Nesse sentido, parece-me que existe, por parte dos adolescentes de hoje, uma constatação da inexistência da relação sexual, ocasionando, em muitos casos, uma descrença numa relação possível entre os sexos. Serge Cottet (2011) nos diz, em seu texto “O sexo fraco dos adolescentes…”, que presenciamos, hoje em dia, “uma forma moderna de não-relação”. Lacan, no Seminário 7, situa o amor cortês, na Idade Média, como uma forma elegante de não-relação, pois manter a dama em um lugar inacessível seria uma forma de não ter que se haver com a real impossibilidade da relação sexual, fazendo parecer que somos nós que colocamos a barreira que torna A Mulher inatingível. A elegância dessa solução provém do lugar de alteridade no qual a dama é colocada. Podemos aproximar essa forma de não-relação que encontramos nos dias de hoje (no apelo à pornografia e na adição aos objetos tecnológicos) dessa solução medieval, mas em uma versão, diríamos, bem menos elegante.

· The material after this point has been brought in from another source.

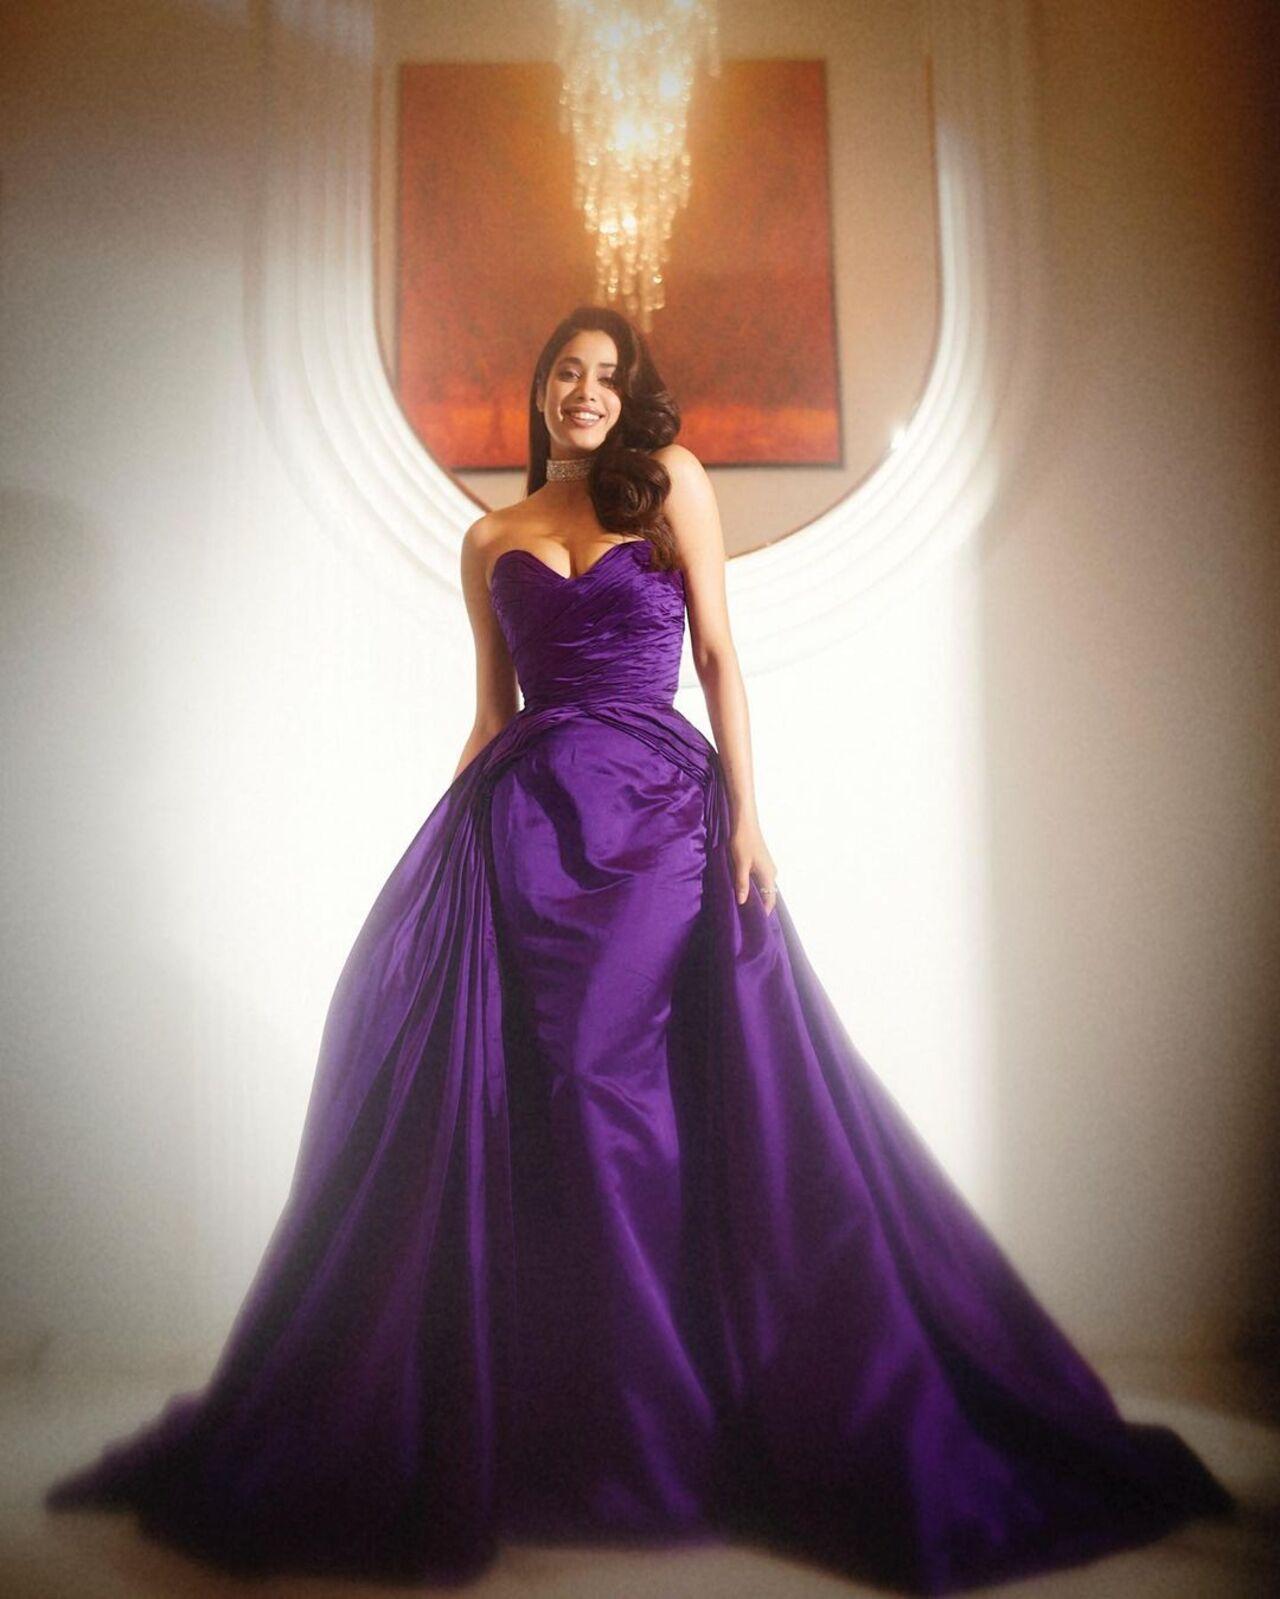 Janhvi Kapoor exuded royalty and a modern world charm in a purple ballroom-style gown for Filmfare Awards this year (Source/ Janhvi Kapoor Instagram)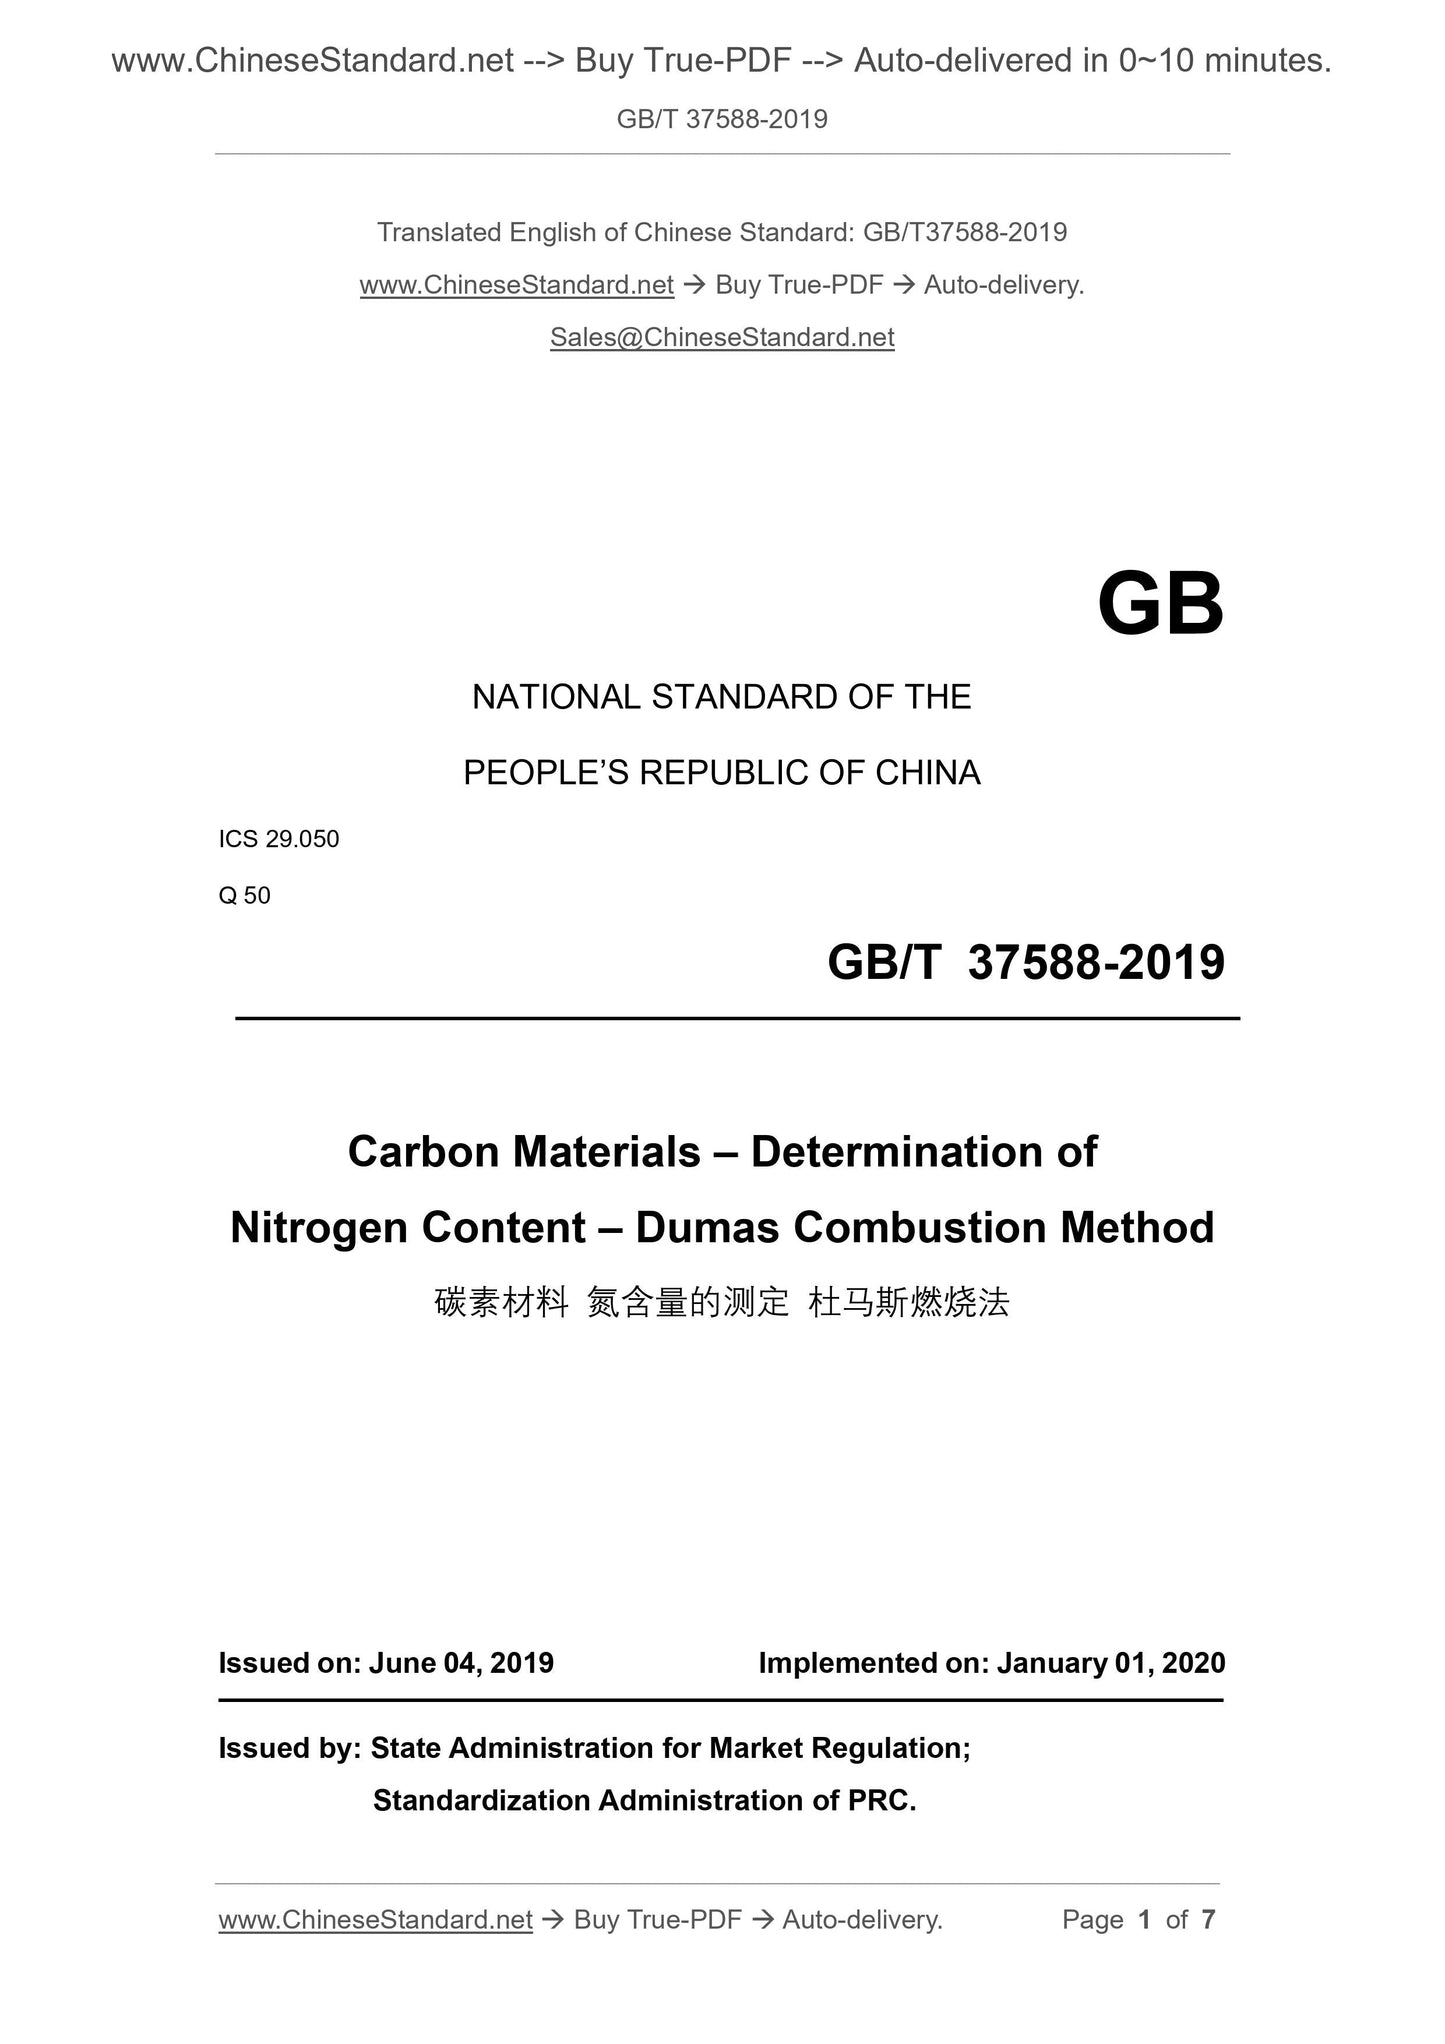 GB/T 37588-2019 Page 1

Na forma atual de não-relação, é justamente a alteridade do parceiro que se encontra abolida, tendo sido substituída pelo gozo solitário, o gozo do Um-sozinho, que provém da relação direta com o objeto, um objeto que se encontra à mão e não depende, necessariamente, de uma relação com o Outro.
3) O terceiro aspecto importante diz respeito ao campo da linguagem. Não podemos desconhecer que um novo uso da linguagem é inaugurado a partir dos meios digitais: ela aparece de forma “abreviada, imperativa, na qual se misturam imagens, palavras, sinais sonoros, ícones”[iv]. Uma linguagem escrita, caracterizada pela exclusão da materialidade de um corpo a corpo entre os que nela estão envolvidos.
Diante disso, que efeitos podemos extrair da introdução da palavra falada e da presença dos corpos como, por exemplo, acontece em uma Conversação como a relatada por Ludmilla Feres? Penso que essa experiência da Conversação com os adolescentes mostra-nos que a introdução dos corpos e da fala acaba por revelar algo que, paradoxalmente, estava velado pela mostração das imagens pornográficas: a divisão diante do olhar do Outro – a divisão da sala (entre os estudiosos na frente e os bagunceiros do fundo), a divisão entre os sexos (entre meninos e meninas), a diferença entre os próprios meninos (os que “esparram” e os que “não esparram”), a diferença entre as meninas (as que mostram tudo e as que não mostram). Ou seja, a conversação introduz um furo na imagem, tanto do lado da escola como do lado dos alunos, fazendo aparecer a divisão e, ao mesmo tempo, localizando os diferentes modos de gozo. Além disso, podemos nos perguntar se a tendência dos alunos de tudo mostrar não seria uma resposta à posição da Escola, que, segundo eles, ocupa o lugar de uma câmera que tudo vê.